◆ Action item:
In the copy, keep every line below as it is and leave out the pictures.

◆ Provided data:

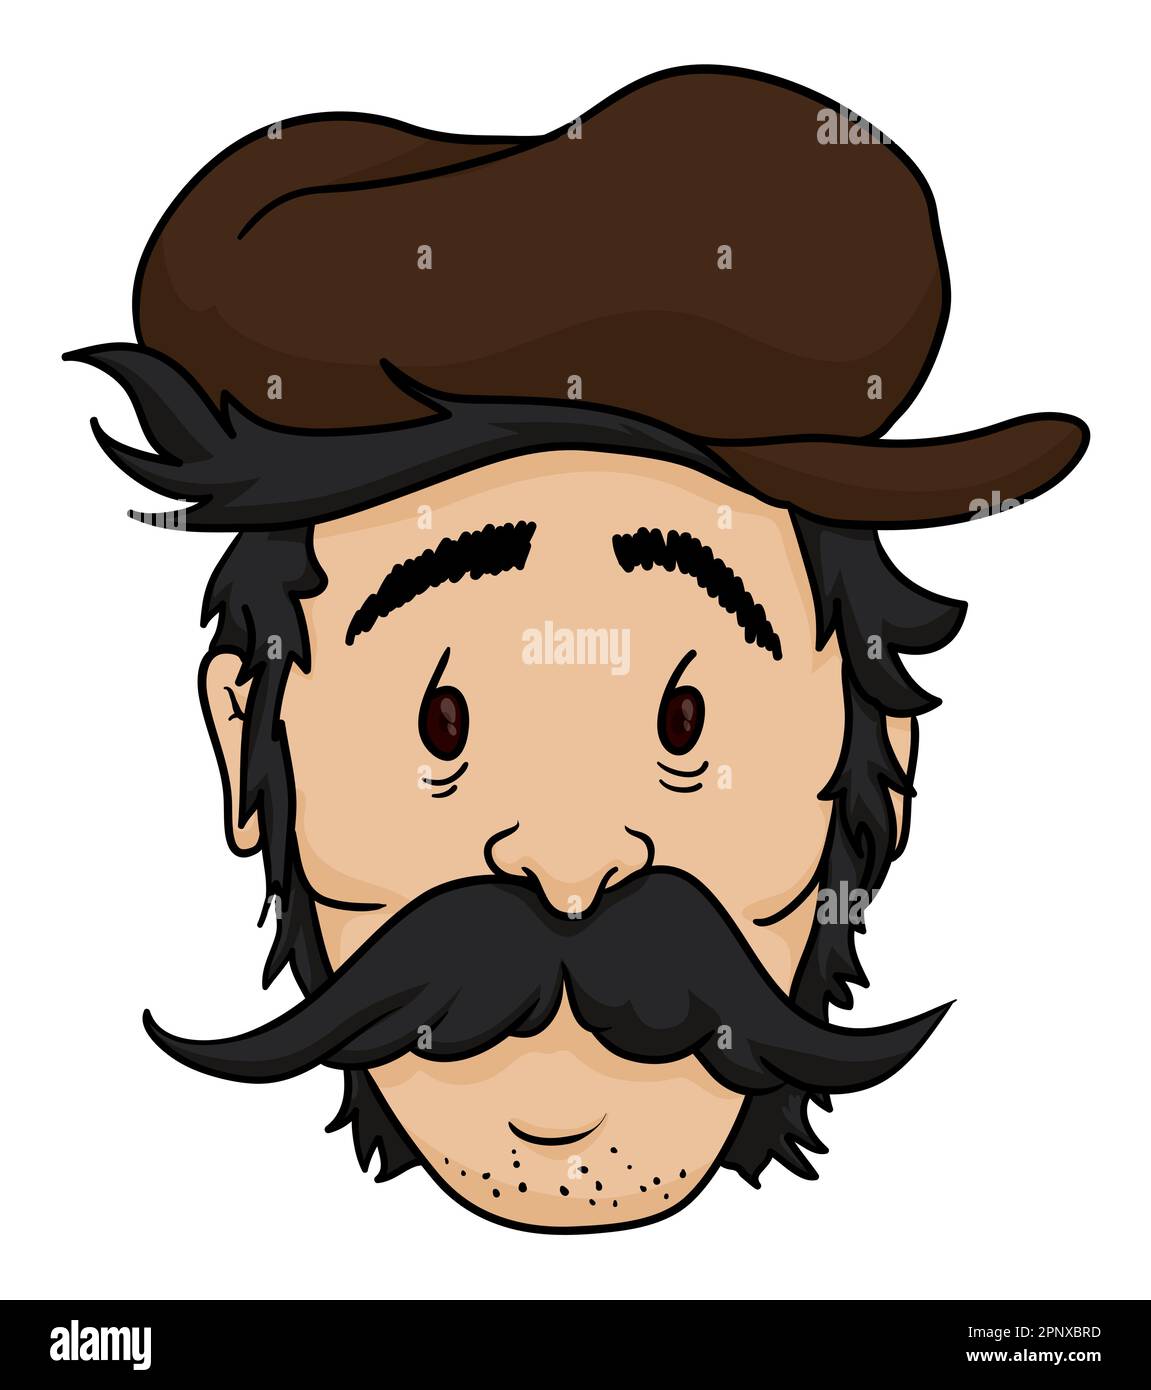 Ausgewachsenes männliches Gesicht mit schwarzem Haar und Schnurrbart, brauner Mütze und müder Geste. Cartoon-Design. Stock Vektor
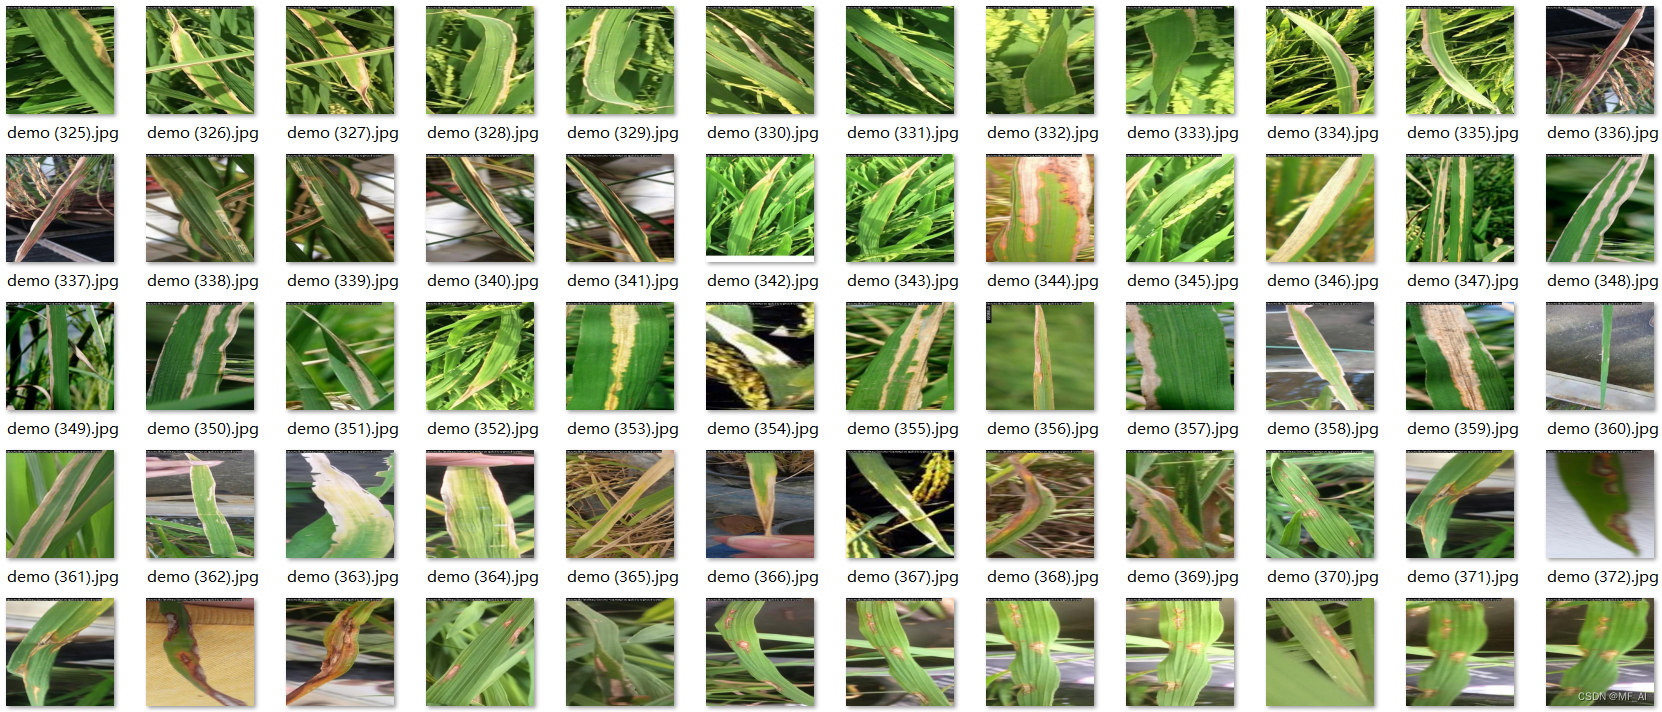 植物病害识别：YOLO水稻病害识别/分类数据集（2000多张，2个类别，yolo标注）
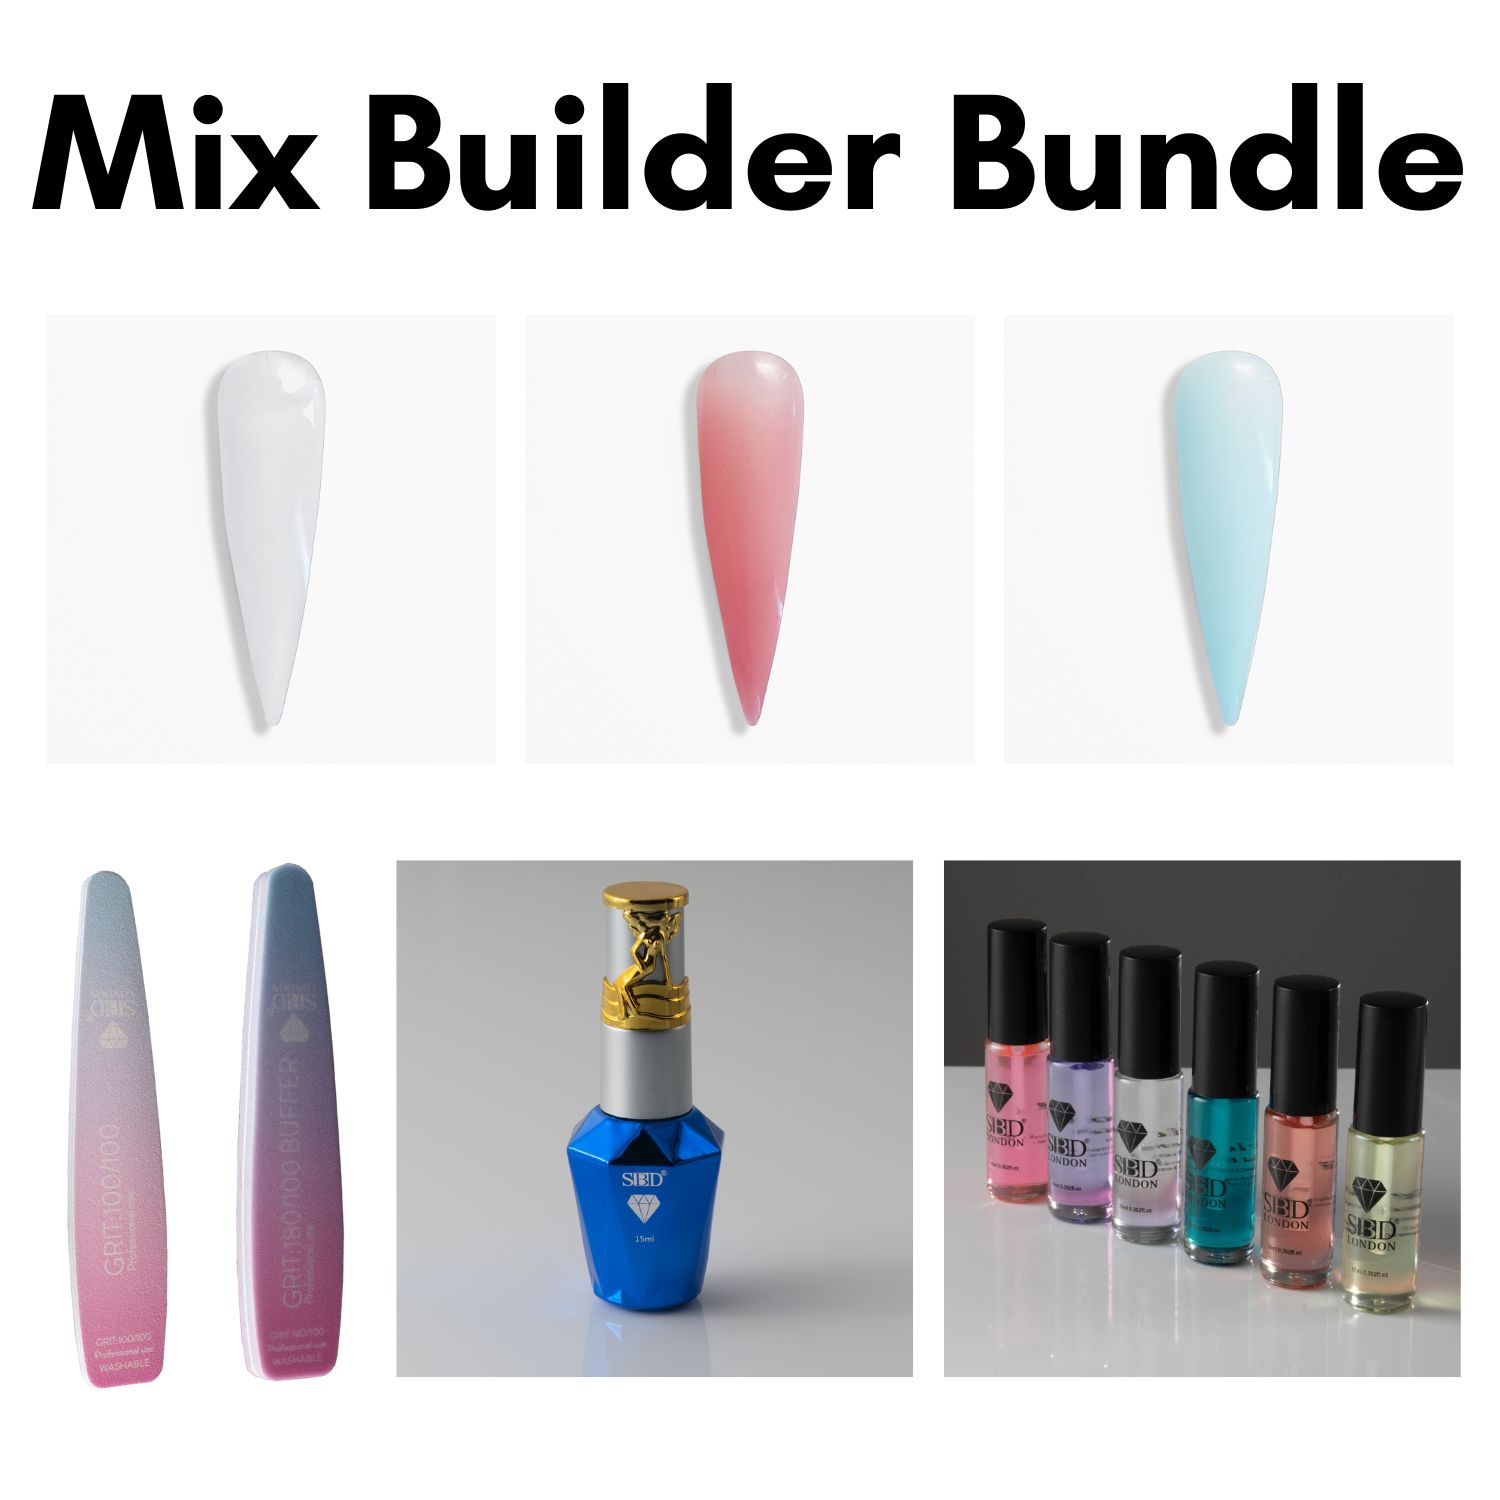 Mix Builder Bundle

◆ Response to the task:
 Ausgewachsenes männliches Gesicht mit schwarzem Haar und Schnurrbart, brauner Mütze und müder Geste. Cartoon-Design. Stock Vektor
 植物病害识别：YOLO水稻病害识别/分类数据集（2000多张，2个类别，yolo标注）
 Mix Builder Bundle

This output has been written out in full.